The data: Begin
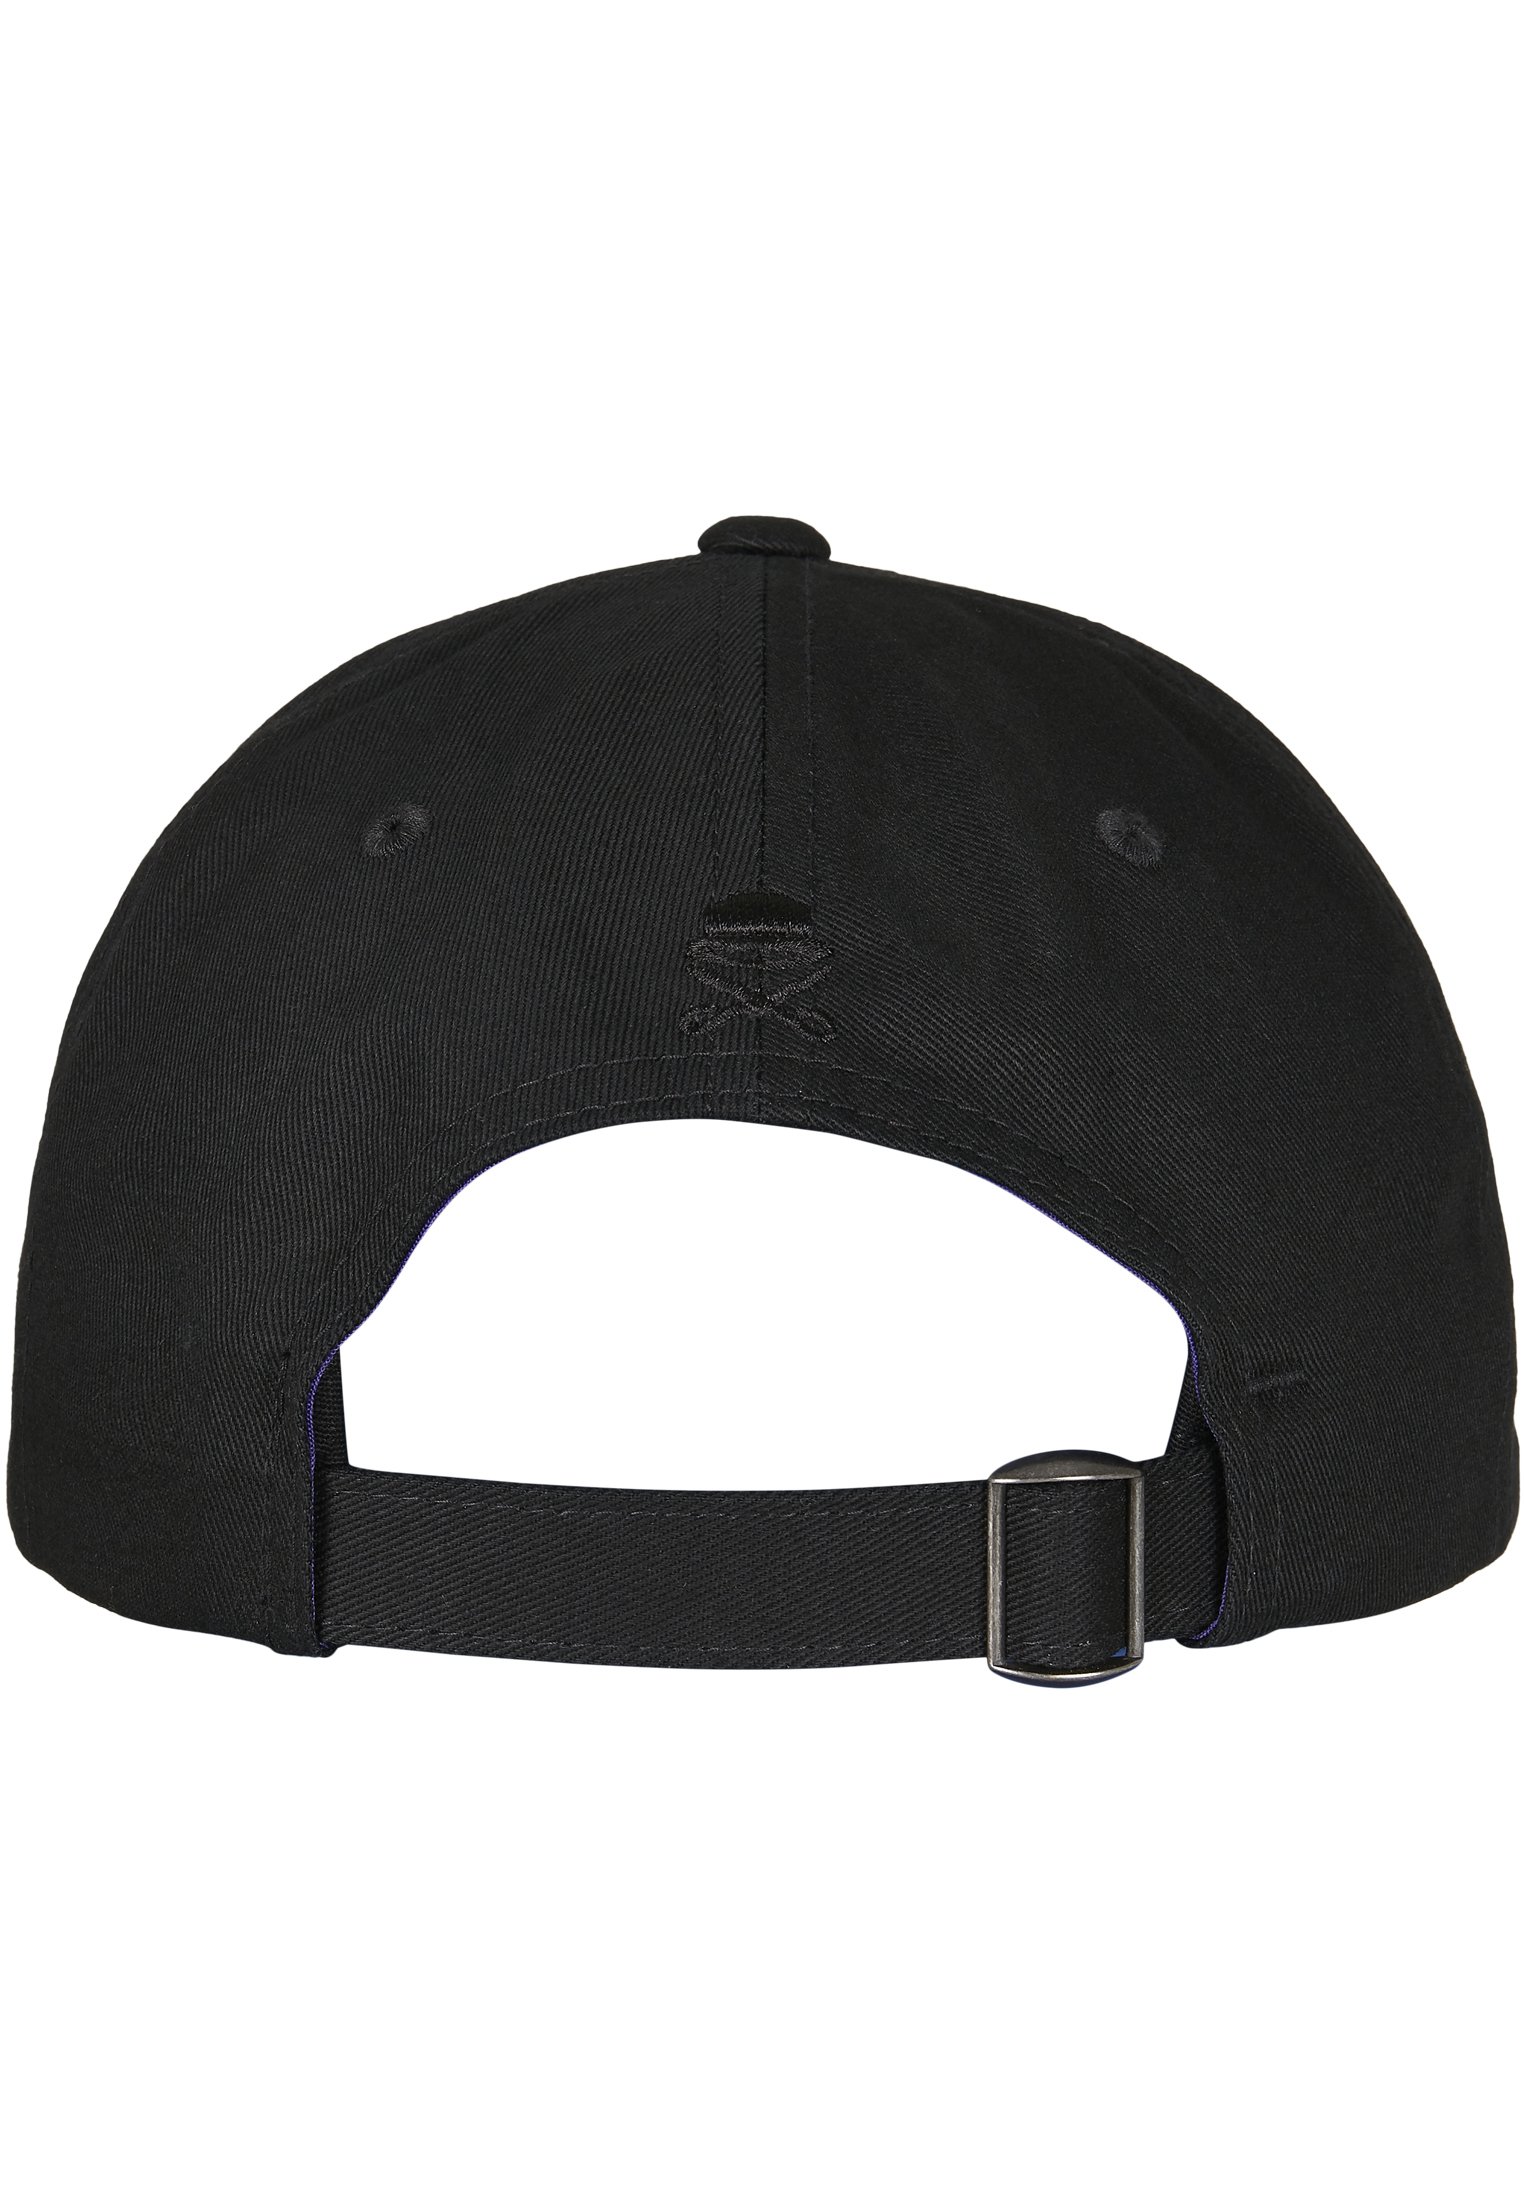 C&S WL Ride Or Fly Curved Cap black/mc one size
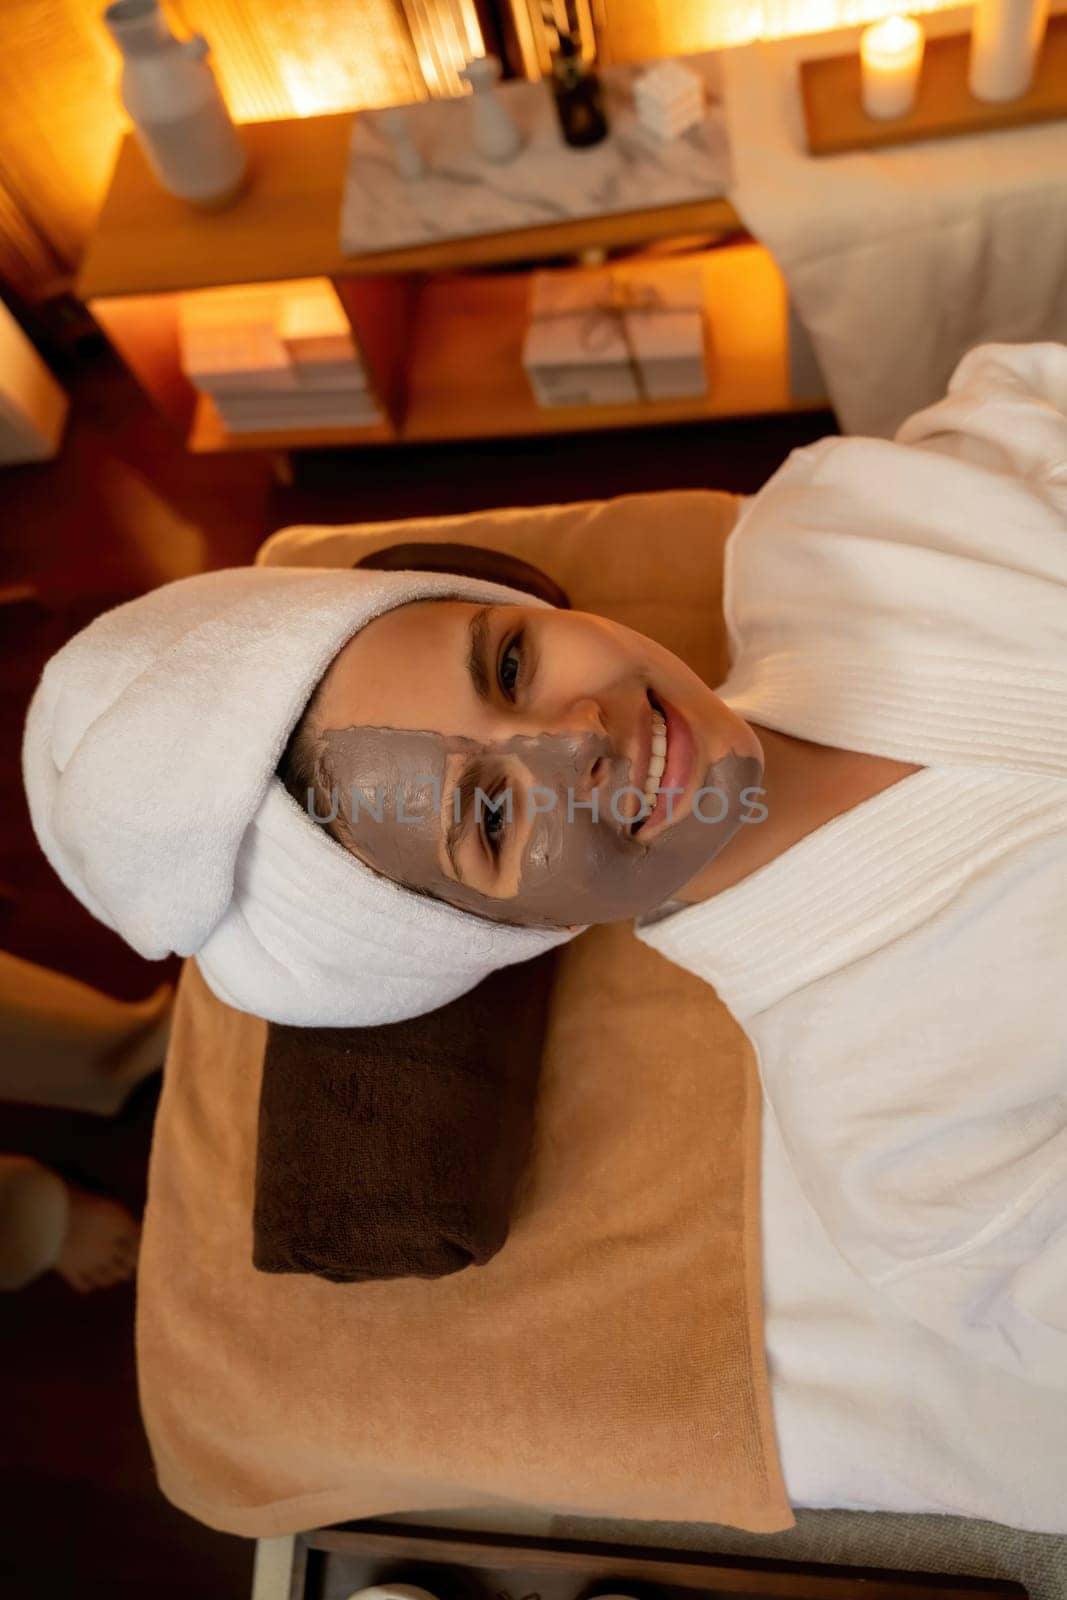 Woman indulges in rejuvenating with luxurious face cream spa massage. Quiescent by biancoblue
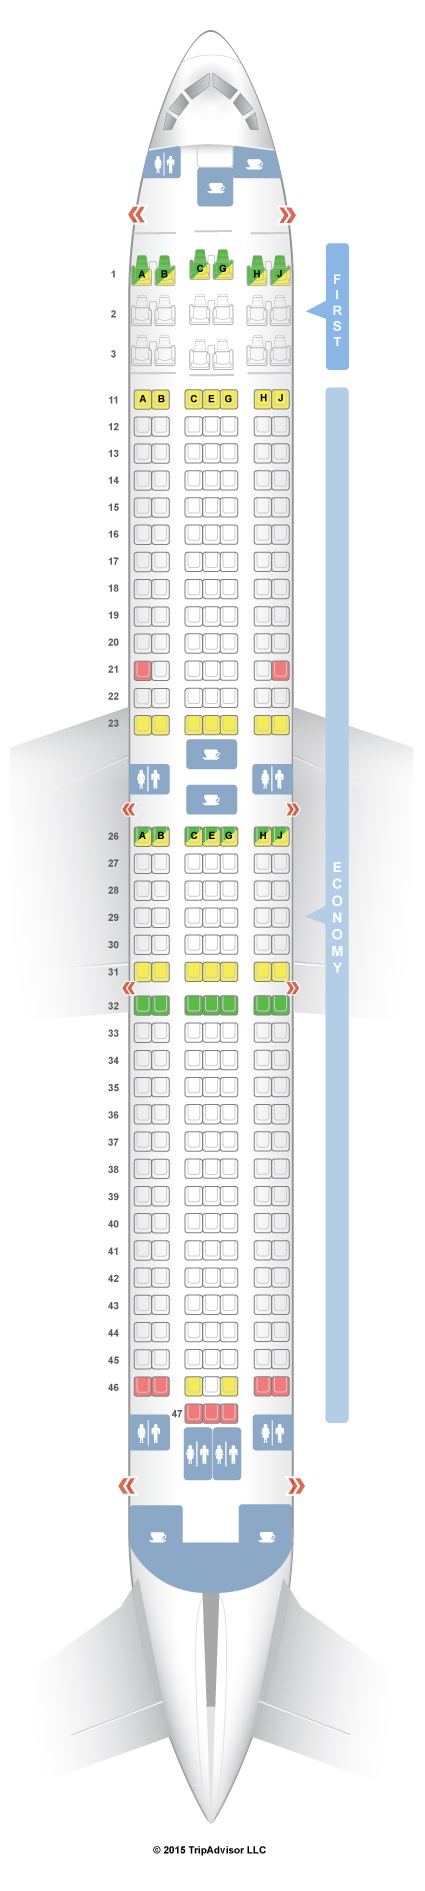 hawaiian airlines seat assignments
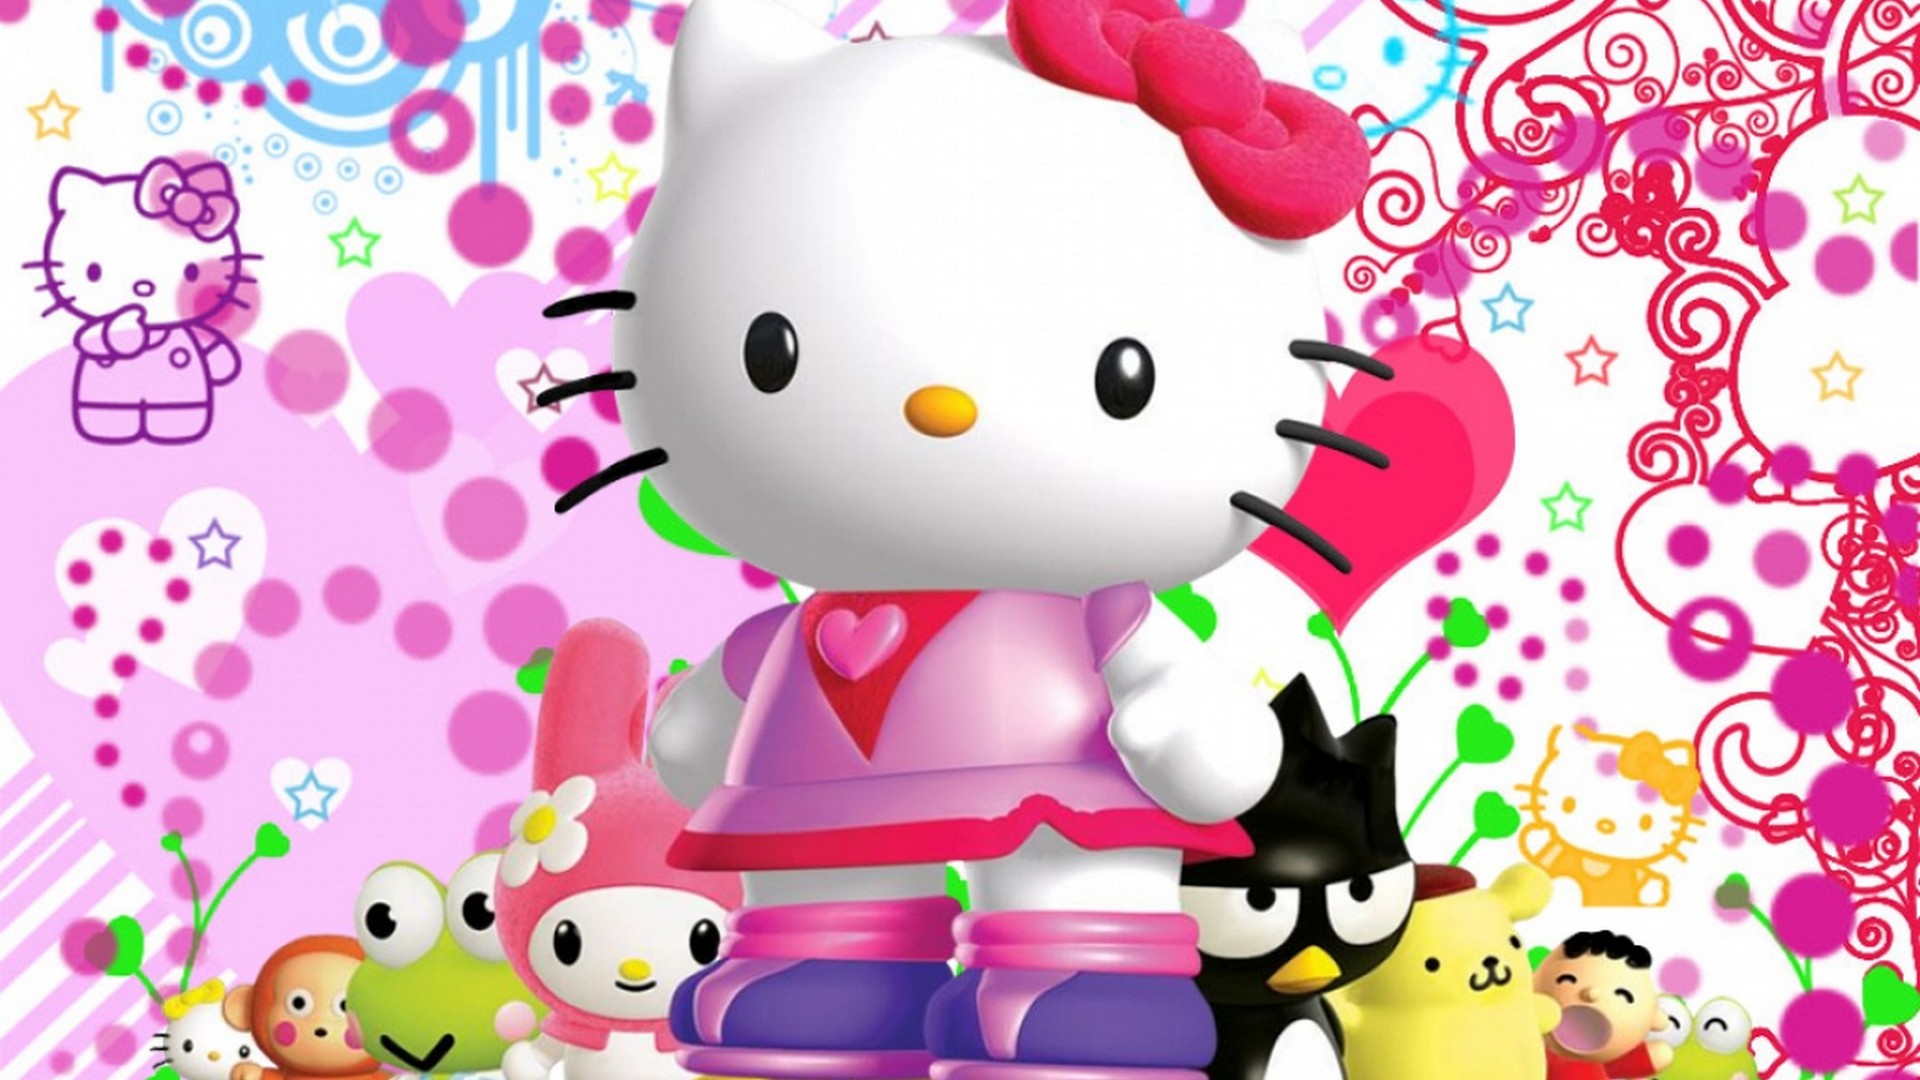 Wallpaper Kitty with image resolution 1920x1080 pixel. You can use this wallpaper as background for your desktop Computer Screensavers, Android or iPhone smartphones
The data: End
*Problem to work on*
When a picture appears in the material, please pass over it while retyping the rest exactly.

*Response to this task*
 C&S WL Ride Or Fly Curved Cap black/mc one size
 Woman indulges in rejuvenating with luxurious face cream spa massage. Quiescent by biancoblue
 hawaiian airlines seat assignments
 Wallpaper Kitty with image resolution 1920x1080 pixel. You can use this wallpaper as background for your desktop Computer Screensavers, Android or iPhone smartphones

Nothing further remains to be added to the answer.